# a/v receiver that will work volume with 921 IR remote



## sparkey (Jan 28, 2005)

anybody got a definite? I absolutley need a receiver that is compatanle with the 921 ie> I need to controll volume on the amp using the dish remote
looking for brands/model that are no porblem just scan & it works\Thanks
remote blues


----------



## TVBob (Dec 19, 2003)

sparkey said:


> anybody got a definite? I absolutley need a receiver that is compatanle with the 921 ie> I need to controll volume on the amp using the dish remote
> looking for brands/model that are no porblem just scan & it worksThanks
> remote blues


FYI, the 921 remote does NOT work with the NAD T-752 or NAD T-753 A/V receivers. Mute works, but volume doesn't.


----------



## bnam (Nov 25, 2004)

Alternatively, you can get a remote that works any rcvr and your 921 for <$30.
Byas


----------



## Mark Lamutt (Mar 24, 2002)

Works just fine with my Harman Kardon AVR125.


----------



## dishbacker (Jun 15, 2004)

Works fine on both of my Pioneer receivers (old one and newer one). Don't remember the exact model number, but its a few years old, I think an 801.
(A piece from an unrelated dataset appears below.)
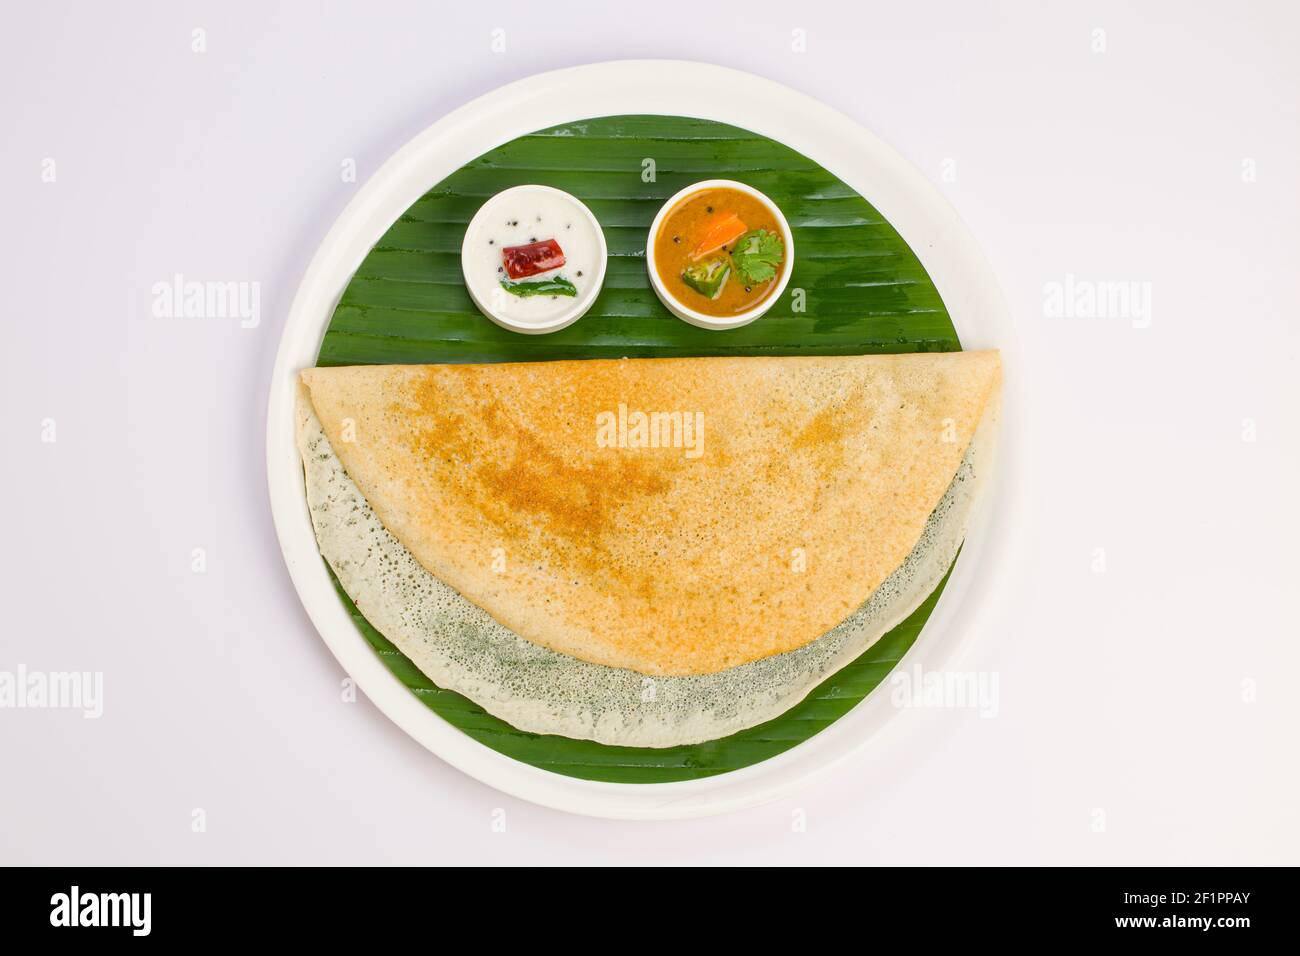 Ghee Roasted Dosa, südindisches Hauptfrühstück, das wunderschön wie ein lächelndes Gesicht auf einem weißen Teller mit Bananenblatt angeordnet ist. Stockfoto

Edit: Its a VSX-810S or VSX811S. Same base model, different production year.


----------



## Neil Derryberry (Mar 23, 2002)

Works on my Sony STR-DE835.. but the volume is a little touchy.


----------



## ibglowin (Sep 10, 2002)

Have a Sony on each 921 in the house. I think one is a 635 and the other is an 835. DD.5.1 works perfectly on both as well as the Power button, volume and mute. There was a special setting you had to change the Sony receiver over to before you could program the remote to work properly. This was NOT very evident at first.


----------



## David_Levin (Apr 22, 2002)

I'm with bnam.

In the long run it makes much more sends to get a nice universal remote. There's always going to be stuff the 921 remote will not control.


----------



## SimpleSimon (Jan 15, 2004)

My Sony STR-DE695 volume & mute is controlled by the 921 remote.
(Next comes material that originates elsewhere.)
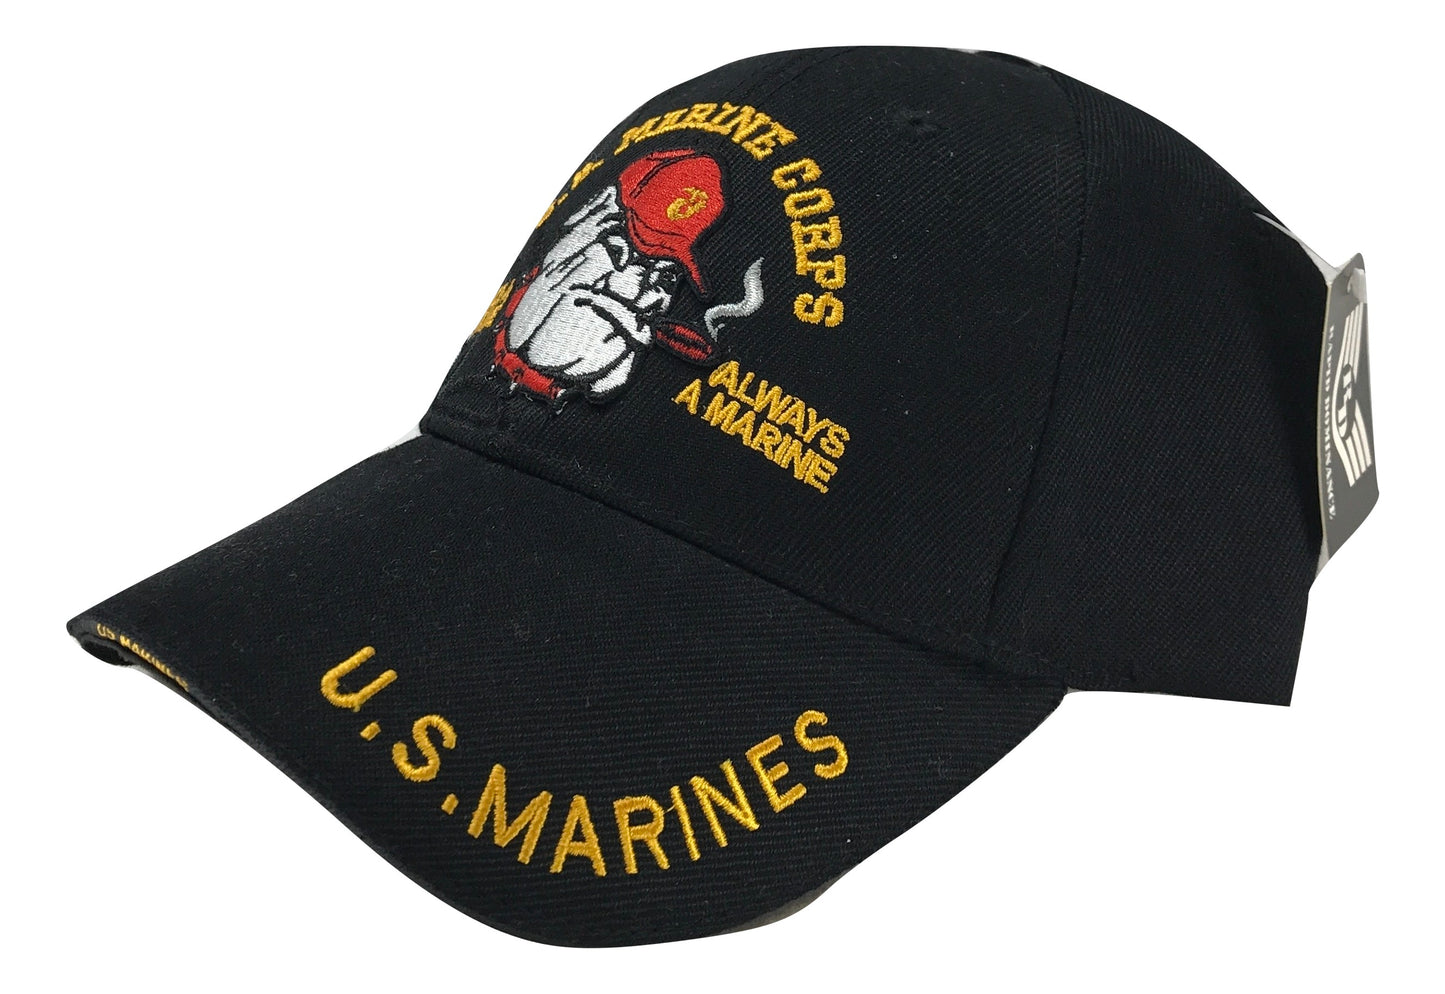 U.S Marine Corps

As IBG says, setup is NOT obvious. The Sony must be set to AV1 - seems like they come out of the box preset to AV2.

Also, and not just for Sony, there's a trick to make the 921 remote "punch-through" to the receiver when in satellite mode. Something like an extra "0" in the code entry - it's in the manual.


----------



## Allen Noland (Apr 23, 2002)

I'm have a Pioneer Elite VSX-50 working with the 921 remote.


----------



## mwgiii (Jul 19, 2002)

Marantz 7500 will not work.


----------



## Slordak (Dec 17, 2003)

Works just fine on both of my JVC receivers (to turn on and off and control the volume). One of the receivers is this year's model, one is a model from several years back, so seems like JVC is probably fine in general.


----------



## Skyburn (Nov 30, 2004)

SimpleSimon said:


> My Sony STR-DE695 volume & mute is controlled by the 921 remote.
> 
> As IBG says, setup is NOT obvious. The Sony must be set to AV1 - seems like they come out of the box preset to AV2.
> 
> Also, and not just for Sony, there's a trick to make the 921 remote "punch-through" to the receiver when in satellite mode. Something like an extra "0" in the code entry - it's in the manual.


Man, am I glad I read these forums regularly. I have a Sony STR-DE995 and I had used all the codes provided in the Dish manual for the 921, and did the device scan etc., to no avail to control my Sony AV Rcvr w/ the 921 remote. I'd given up until this post regarding AV1/AV2 -- indeed, that worked. And, yep, AV2 is the default according to the Sony manual.

Thanks to you and IBG -- post much appreciated!

Are you by chance able to hit "Select/OK" to control the Sony's input selector? When I hit Select/OK in AUX mode controlling the Sony, the Aux light doesn't even light up -- doesn't do anything with the input selector on the Sony. It'd be nice to be able to select inputs w/ the 921 remote.

I do notice that numbers 1, 4, 5, and a couple of others auto-select a couple of the inputs on the rcvr like FM/AM/CD/PHONO -- all of which I don't use 

Thanks again -- great info.
- Joe


----------